Freelancers can work well for your small business and help you to grow in 2016
The message is getting through. The freelancer economy is on the rise and politicians and business leaders are slowly but surely acknowledging that the UK’s economic recovery is partly down to the UK’s flexible workforce, the self-employed, the freelancers and contractors, the hard working individuals who prime minister David Cameron is so vocal about.
Research carried out by The Freelancer & Contractor Services Association (FCSA), the independent trade body that is committed to setting standards for umbrella employers and contractor accountancy providers, shows that the UK’s flexible workforce constitutes 20 per cent of workers and it is a figure which is set to grow. These are the workers who are enabling businesses to be agile and successful and employing freelance staff can be a win-win for all parties concerned, the employers and the freelancers.
Freelance workers offer experience, expertise and knowledge and businesses of all sizes can glean the benefits without committing themselves to all the costs (and risks) that come with hiring a full time employee, such as NI contributions, holiday pay, sickness pay, maternity/paternity rights and so on.
However, deciding whether or not to hire a freelancer depends on a wide range of variables. Julia Kermode is CEO of the FCSA and she poses some questions for a business to consider before turning to a freelancer or contractor for support.
Is your business growing?
If you need to find staff quickly bringing in seasoned freelancers who can hit the ground running makes good sense. An organisation might need more staff in order to get the job done and grow the business but it needs more clients and more business to justify taking on more staff. Using freelancers gives you the flexibility to manage the peaks and troughs. It also gives you an opportunity to try before you buy and invest in a permanent employee and gives the freelancer the chance to work with a company before considering taking on a full time role should they be looking for a permanent position. It cuts both ways.
Do you need specialist skills or are you facing a skills shortage?
Taking on freelancers is a good way to keep your overheads down whilst you optimise access to expert skills and knowledge on an as and when basis. Hiring freelancers can offer a reliable and cost-effective route to specialist skills too. The Recruitment & Employment Confederation’s Jobs Outlook report published in May 2015 revealed that 84 per cent of employers cited access to key strategic skills as a main reason for using temporary staff, compared to 55 per cent stating the same in 2013 so clearly it is a growing trend that is working for UK plc.

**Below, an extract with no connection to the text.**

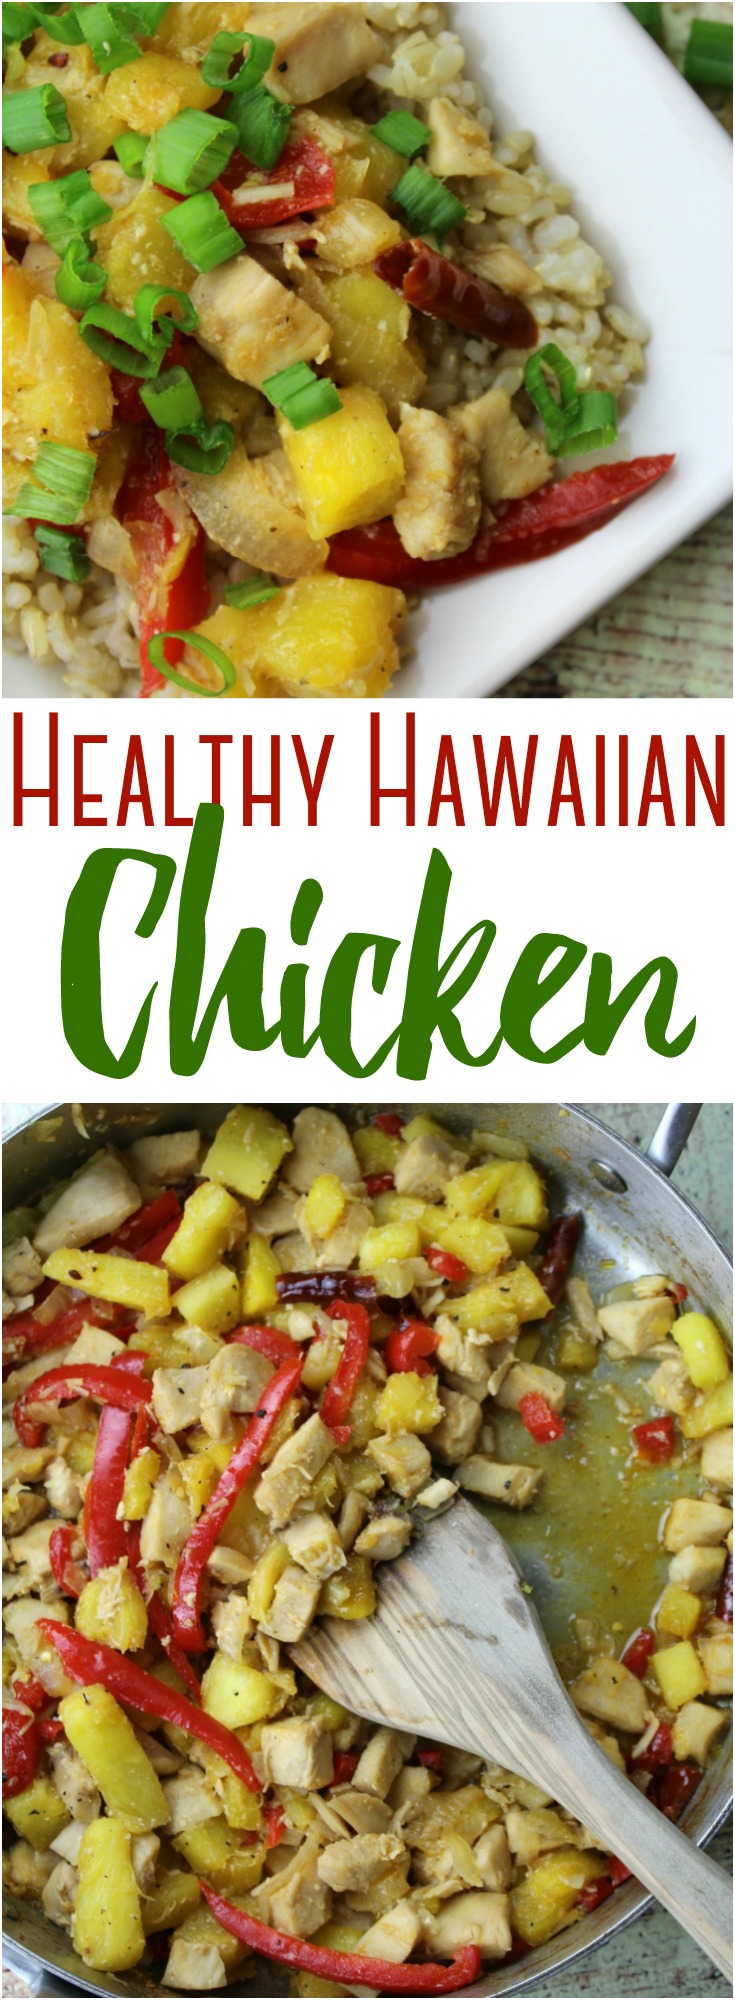 Simple, healthy ingredients come together quickly and easily in this healthy Hawaiian Chicken recipe - perfect on rice, cauliflower rice or just on it's own!

Do you need long-term cover?
Businesses have to manage maternity leave, sick leave, sabbaticals and holidays and staffing levels can be reduced when permanent employees are absent from work. Some of those absences are more finite and can be planned for but even then conjuring up the right people with the right skills for the job at the right time can prove difficult and time-consuming. Building up relationships with freelancers you can call on really adds value to your organisation.
Do you need fresh ideas and approaches?
Freelancers can be a source of creative energy and new ideas and can inject refreshment into your business with their new approaches and fresh perspectives. They can invigorate your business and this can rub off on your employees.
Do you have a crisis that needs handling?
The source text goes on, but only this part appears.